DROITS HUMAINS – Le Kenya est sous les feux des projecteurs après l’enlèvement de Maria Sarungi Tsehai, une militante tanzanienne exilée à Nairobi. Cette affaire met en lumière une inquiétante tendance à la multiplication des kidnappings ciblant les dissidents politiques et réfugiés étrangers sur le sol kényan.
Un enlèvement en plein jour à Nairobi
Dimanche dernier, Maria Sarungi Tsehai, célèbre militante tanzanienne vivant en exil à Nairobi depuis quatre ans, a été brièvement kidnappée par trois hommes armés à bord d’une Toyota noire. L’incident a eu lieu en plein jour, dans le quartier huppé de Kilimani, au cœur de la capitale kényane.
Bien qu’elle ait été libérée quelques heures plus tard grâce à la pression exercée par des ONG locales et internationales, la militante suspecte une opération orchestrée par les services de sécurité tanzaniens, qu’elle accuse d’agir « au-delà de leurs frontières » pour museler les voix dissidentes. Amnesty International et l’Association des juristes kényans réclament une enquête approfondie pour déterminer si le Kenya a facilité ou ignoré cet acte.
Le cas de Maria Sarungi Tsehai n’est pas isolé. Ces derniers mois, Nairobi semble être devenue une plaque tournante pour des opérations de kidnappings visant des opposants politiques étrangers. En novembre, l’opposant ougandais Kizza Besigye avait été enlevé dans un hôtel de Nairobi avant d’être transféré de force en Ouganda, où il est actuellement jugé devant une cour martiale.

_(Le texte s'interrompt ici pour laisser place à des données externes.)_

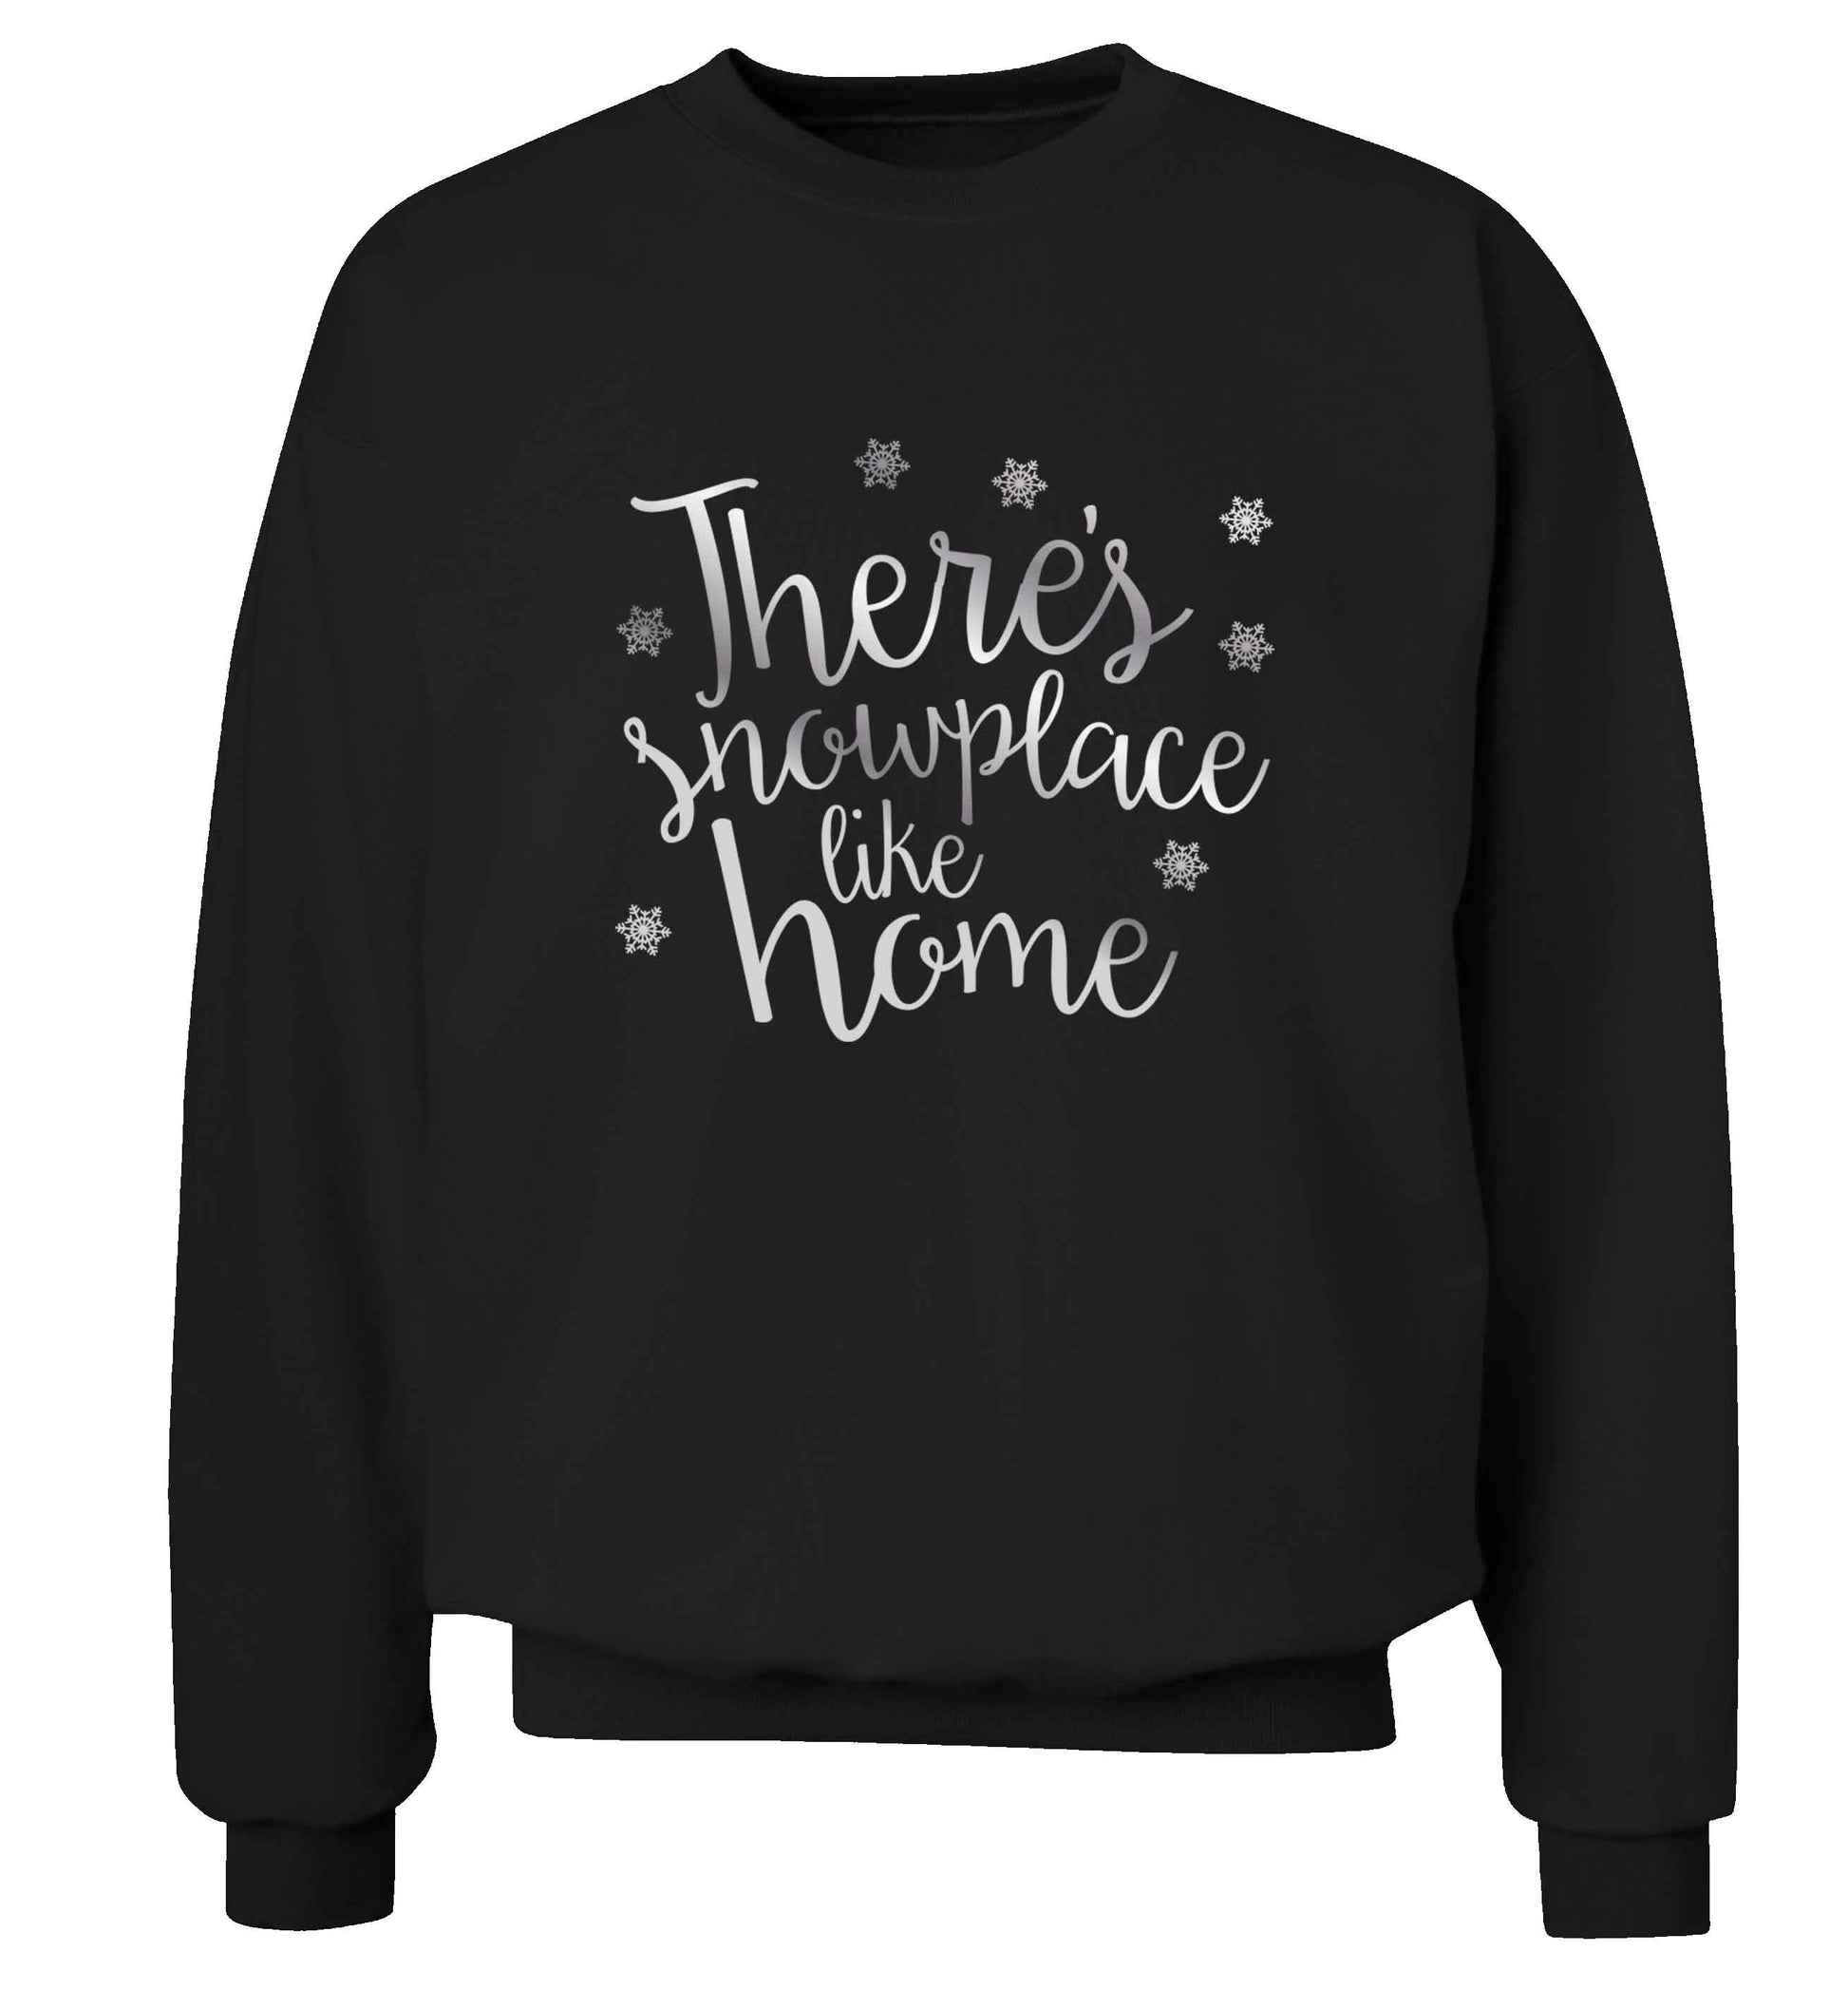 There's snowplace like home - metallic silver adult's unisex black sweater 2XL

Kampala avait alors affirmé avoir reçu l’aide du Kenya pour cette opération, une accusation fermement démentie par Nairobi. Cependant, cette affaire a soulevé des questions sur une possible collusion entre les autorités kényanes et des régimes voisins répressifs.
En octobre, Amnesty International rapportait l’enlèvement de quatre réfugiés turcs à Nairobi, expulsés sans aucune procédure légale d’extradition. Ces incidents s’ajoutent à une longue liste de disparitions inquiétantes dans un pays qui s’enorgueillissait autrefois d’être un havre pour les exilés politiques et les réfugiés.
Un problème national : la montée des disparitions internes
Outre les enlèvements d’opposants étrangers, les disparitions ciblant les citoyens kényans eux-mêmes se multiplient. Dimanche, le ministre kényan Justin Muturi a dénoncé une vague d’enlèvements visant des jeunes critiques du gouvernement. Il a révélé que son propre fils avait été kidnappé en juin, avant de réapparaître plusieurs jours plus tard sans explication.
Cette vague de disparitions coïncide avec les manifestations massives de juin dernier, qui avaient mis le gouvernement kényan sous pression. Selon des observateurs, les enlèvements pourraient être une stratégie d’intimidation orchestrée pour étouffer la dissidence.
Le journal local Citizen s’interroge : « Nairobi serait-elle en train de devenir la capitale mondiale des kidnappings ? » Cette question reflète une inquiétude grandissante parmi les Kényans et la communauté internationale.
Amnesty International et d’autres organisations appellent à une enquête indépendante pour déterminer les responsabilités du Kenya dans ces incidents. La complicité présumée avec des régimes répressifs étrangers pourrait ternir l’image du pays et compromettre son rôle en tant que refuge traditionnel pour les exilés politiques en Afrique.
Ces événements soulignent également les défis sécuritaires croissants dans la région, où les gouvernements autoritaires n’hésitent pas à franchir les frontières pour réprimer leurs opposants.
Alors que le Kenya était historiquement perçu comme un modèle de stabilité et de liberté relative dans une région agitée, cette tendance inquiétante des kidnappings politiques et disparitions forcées jette une ombre sur la réputation du pays, allié des États-Unis de Biden.